Karaman: Verilerin birçoğu Adli Tıp Kurumu'na gönderildi ama hazırlanan hiçbir rapor bu cinayeti aydınlatacak tespitte bulunamadı. Başka görüntülerle ilgili tespitler var ama maalesef bu da gelişme olarak adlandırdığımız bir başka olumsuzluk. Elçi cinayetini tanıklık ya da görüntü kaydı çözebilir. Elçi'nin vurulduğu sokakta bir de Mardin Kebap Evi isimli bir iş yeri var. Dış kamerası tam da Dört Ayaklı Minare'ye bakan bir kamera. O kamera kaydının alınmasını talep ettik. Uzun süre çözülemedi. Adli Tıp'a gönderildi. Raporda, üç kameranın iç mekanda, bir tanesinin ise tam da gözümüzle gördüğümüz kamera olduğu görülüyor. İç mekan kameralarında zaman akışı düzgün ama dördüncü kamerada herhangi bir akış yok. Adli Tıp, bu kamerayı çözememe sebebini açıklamamış. Bu sebebin açıklanmasını talep ettik. Hiç görüntü almadı mı? Aldı da yok mu edildi?

DW Türkçe: Basına yansıyan kamera görüntülerinde, Elçi'nin vurulduğu gün olay yerinde çok sayıda polis memuru olduğu görülüyor. Bu memurlar hakkında işlem yapıldı mı?

Karaman: Ateş ettikleri görülen bütün polislerin şüpheli olarak dosyaya dahil edilmeleri gerekirdi.
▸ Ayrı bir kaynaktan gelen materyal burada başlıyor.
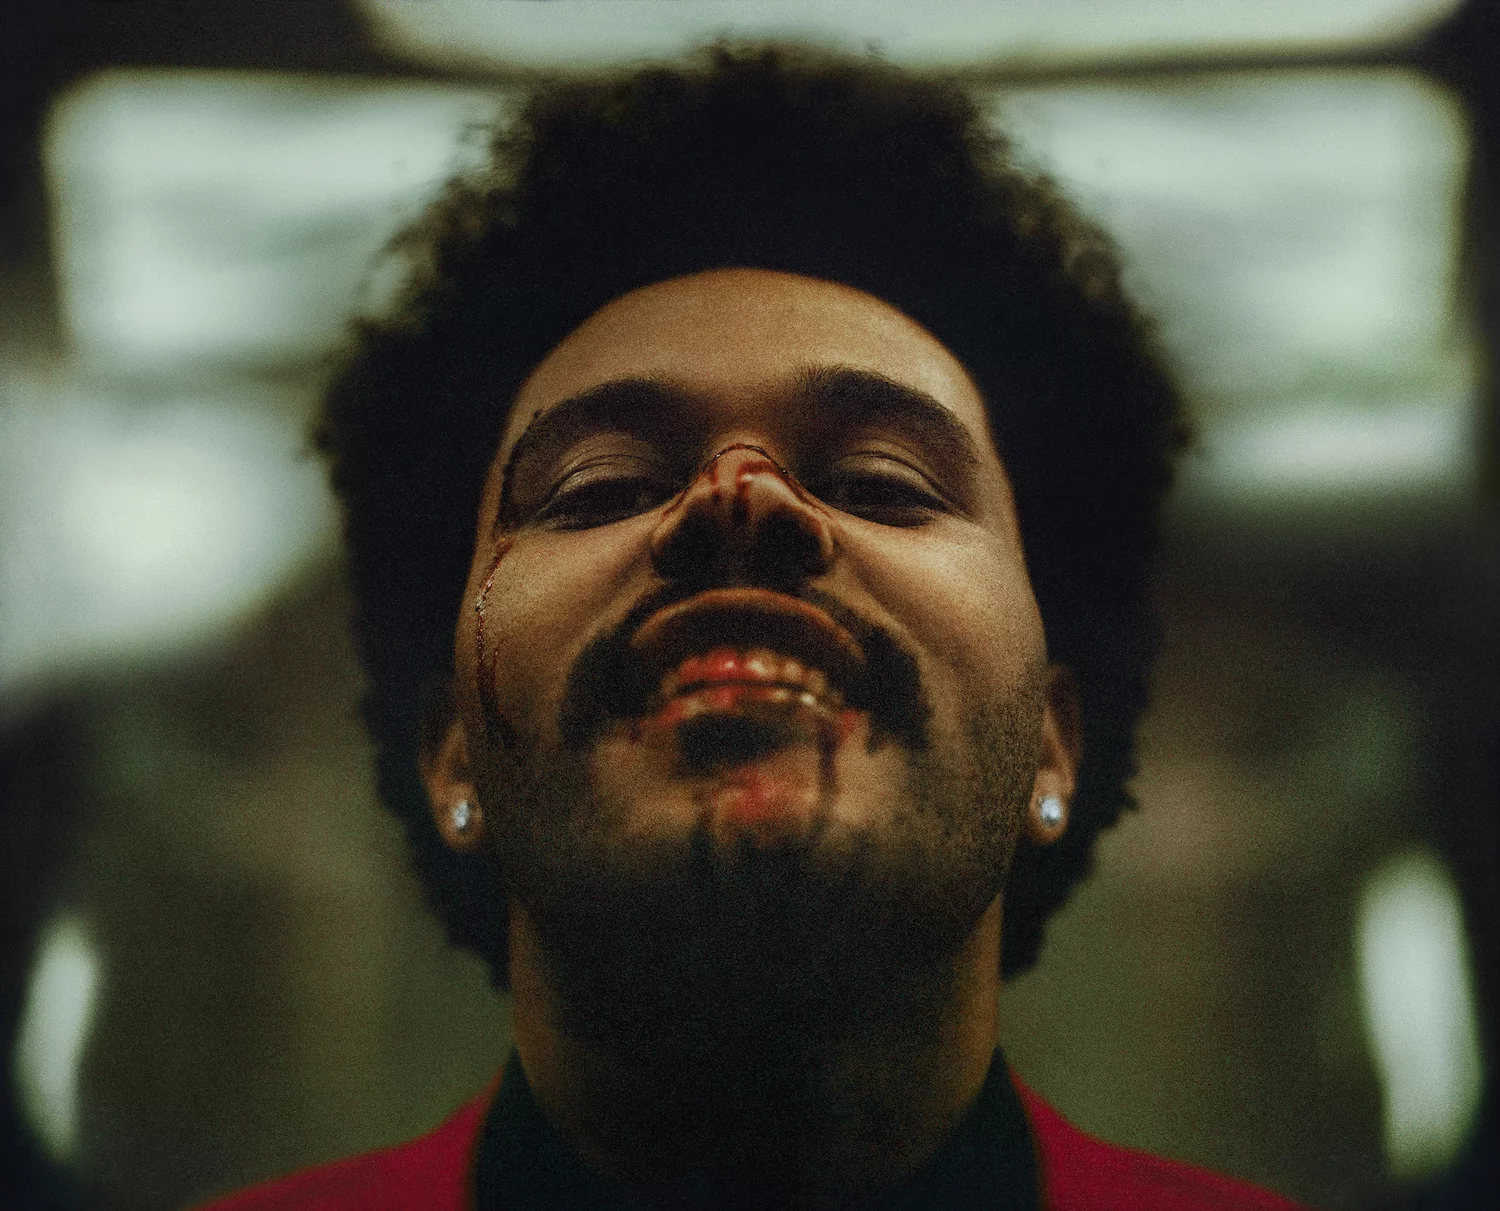 The Weeknd After Hours 1 by Anton TAMMI

Ancak soruşturmanın başından beri tüm polis memurlarını tanık olarak dinlendi. Bu gerçekten bizim için yaralayıcı bir husus. Türkan Elçi bizzat kendisi soruşturma dosyasına dilekçe vererek tüm personelden şikayetçi olduğunu belirtti. Savcılık polis memurlarını çağırıp "Bildiklerinizi anlatın” diye tek bir soru sorup beyan aldı. Hiçbiri sorgulayıcı beyanlar değil. Her bir polis memuruna soracağımız onlarca sorular vardı fakat bu imkan bize sağlanmadı. Dosyada halen tek bir şüpheli yok.
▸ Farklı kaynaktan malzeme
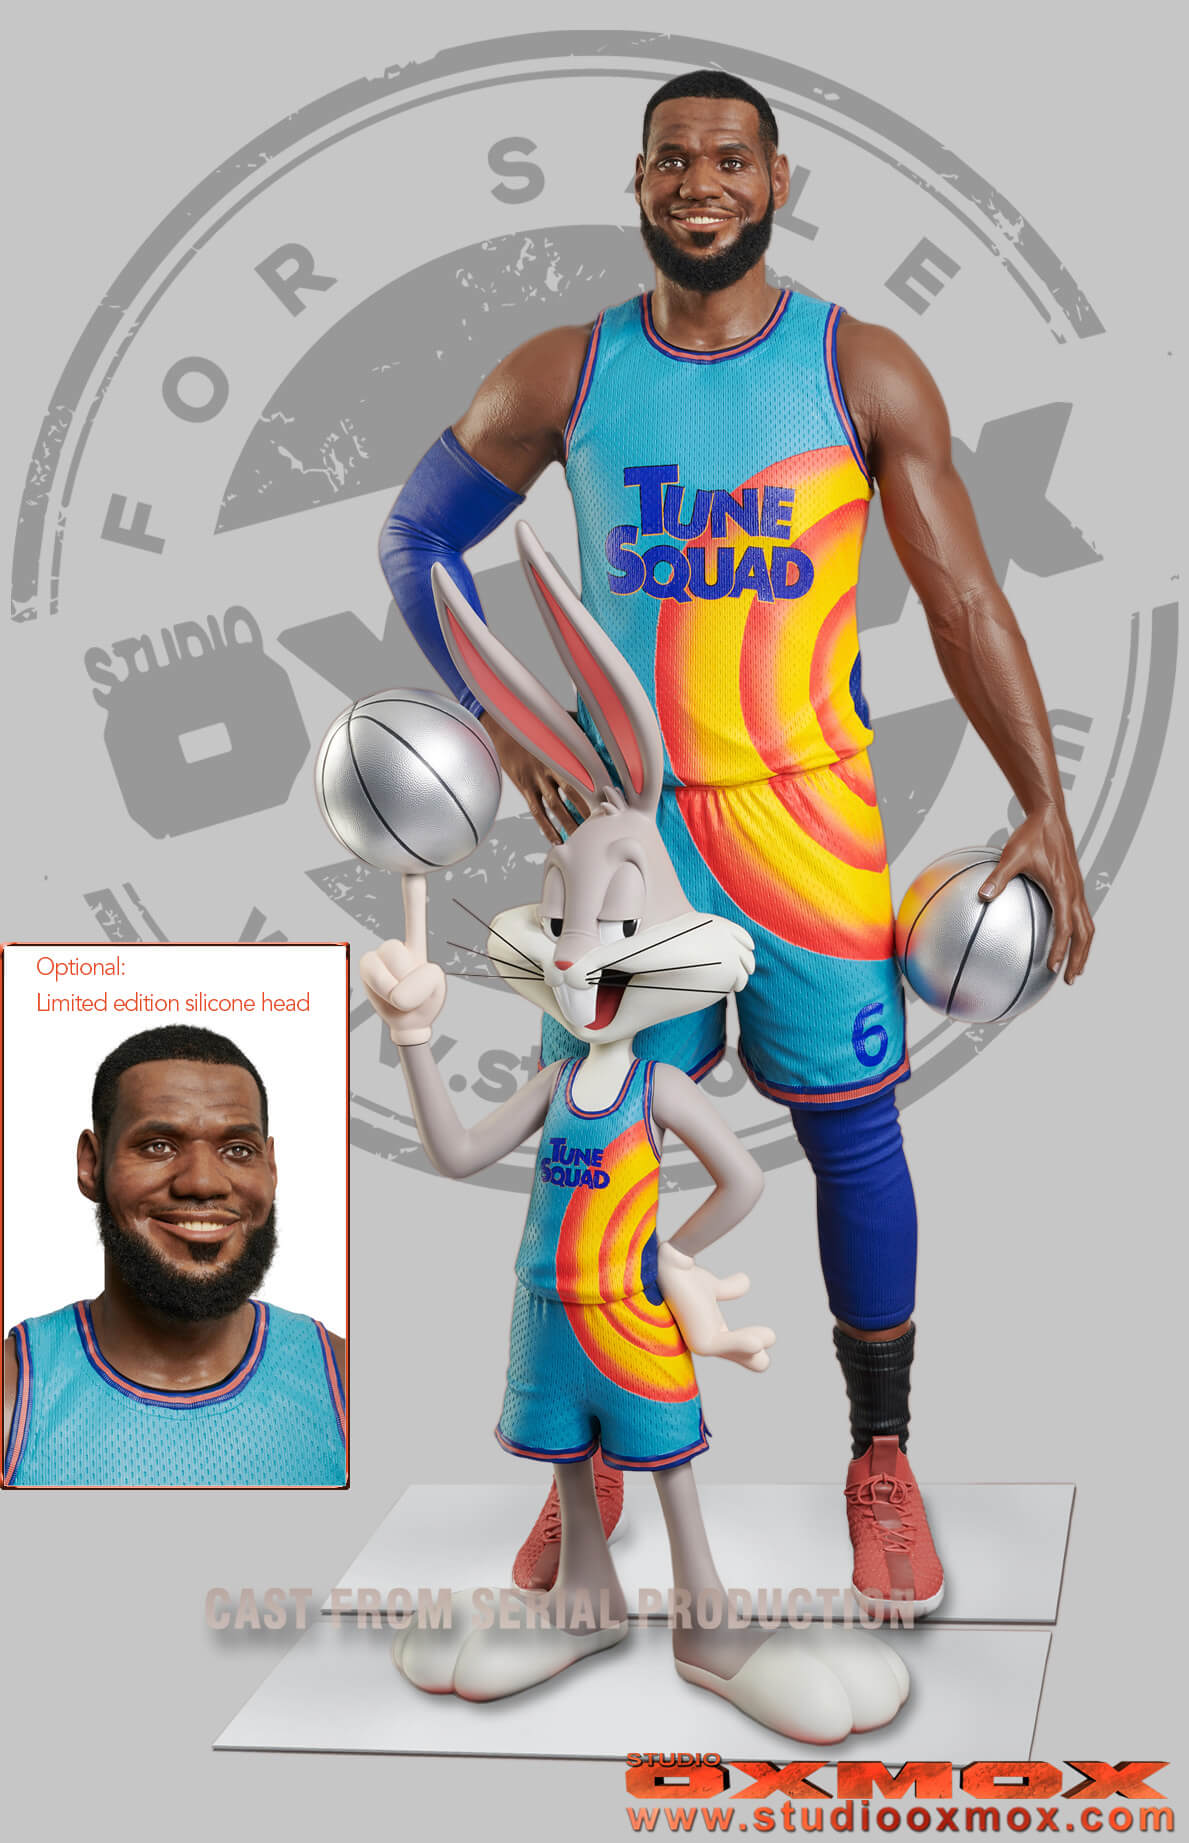 Space Jam, Lebron James life size statue with silicone head and Bugs Bunny

DW Türkçe: İki sene sonunda soruşturmada gelinen noktayı değerlendirdiğinizde, hukuki sürecin nasıl seyredeceğini düşünüyorsunuz?

Karaman: Bir şüpheliye ulaşmadan ceza davasından bahsetmek mümkün değil. Şüphelinin bulunmadığı bir soruşturma dosyasının ileriki aşamasından bahsetmek de mümkün değil. Bize göre orada bulunan tüm kamu personeli şüphelidir. Bu kadar net onlarca olağan şüpheli varsa onlara bu sıfatın verilmemesi, ciddi bir soruşturma motivasyonsuzluğunun olduğunu gösteriyor. Mevcut verilerle Elçi soruşturmasının davaya dönüşmesi söz konusu değil. Bu cinayetin çözülemez olduğunu düşünmüyoruz. Cinayetin delilleri farkında olmasak bile var. "Bu dosya faili meçhule gidecek” diye bir şey söz konusu değil. Biz bu dosyayı kaç yıl sürerse sürsün takip edeceğiz. Eğer siyasi irade olsaydı, Elçi cinayeti çoktan çözülürdü. Ama bundan sonra olmayacağı anlamına da gelmiyor.